Kiedy skończyłyśmy małe zakupy, poszłyśmy do Starbucks'a. Zamówiłyśmy sobie herbatę i kawałek ciasta, a następnie usiadłyśmy przy jednym ze stolików. Czas płynął mi z nią niezmiernie szybko w towarzystwie mamy Harry'ego. Śmiałyśmy się dużo i ploktowałyśmy na temat każdej osoby, która tędy przechodziła. Anne zrobiła sobie ze mną nawet kilka normalnych i śmiesznych selfie, które wstawiła na jeden ze swoich profili.
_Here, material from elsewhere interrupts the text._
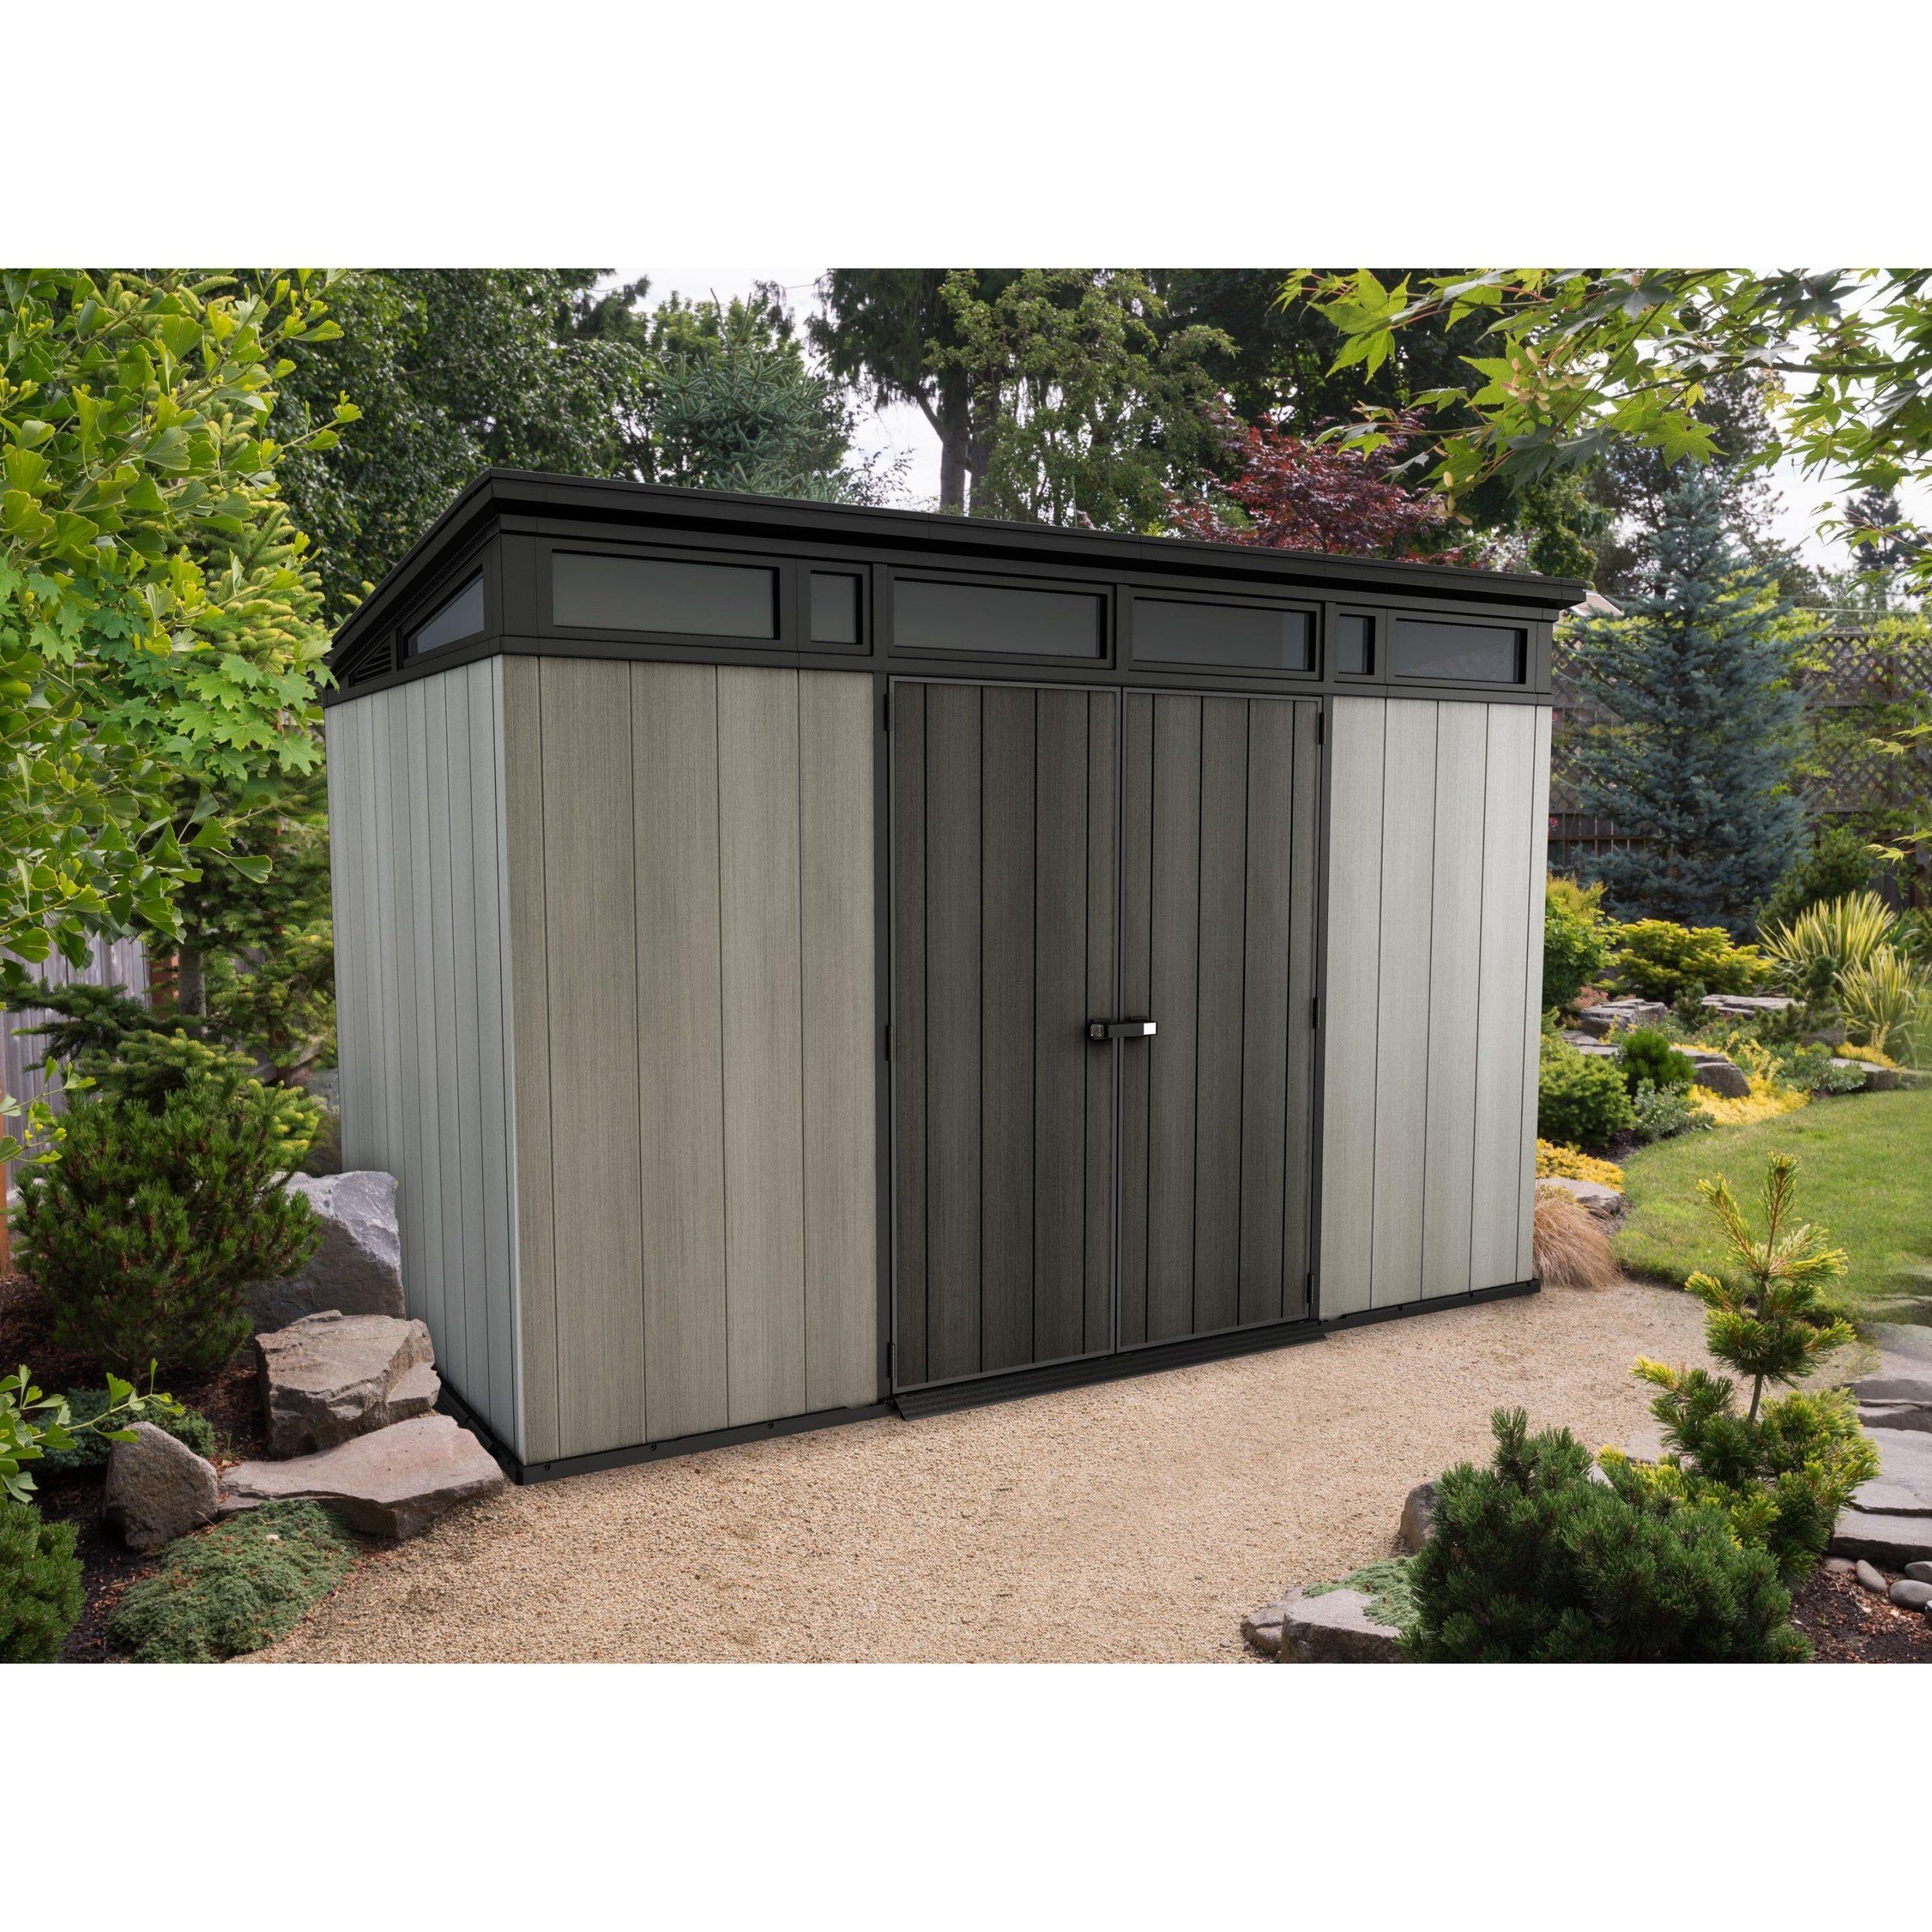 Abri De Jardin Résine Artisan 117 Ep.20 Mm, 6.57 M² Keter ... encequiconcerne Abri De Jardin Super U

Po godzinie pożegnałyśmy się, a ja szłam w stronę samochodu.

- Słucham? - przewróciłam oczami, odbierając połączenie od Styles'a.

- Moja matka już cię wykończyła? - zaśmiał się lekko.

- Daj spokój, było bardzo miło. - zachichotałam. - Kupiła kilka rzeczy naszemu synowi, przy czym krzyczała zadowolona jak nienormalna. - wybuchnęłam śmiechem, a on ze mną.

- Wiedziałem. - zakończył swój śmiech. - Może wyszlibyśmy na kolację? Dawno nigdzie nie byliśmy. - dodał.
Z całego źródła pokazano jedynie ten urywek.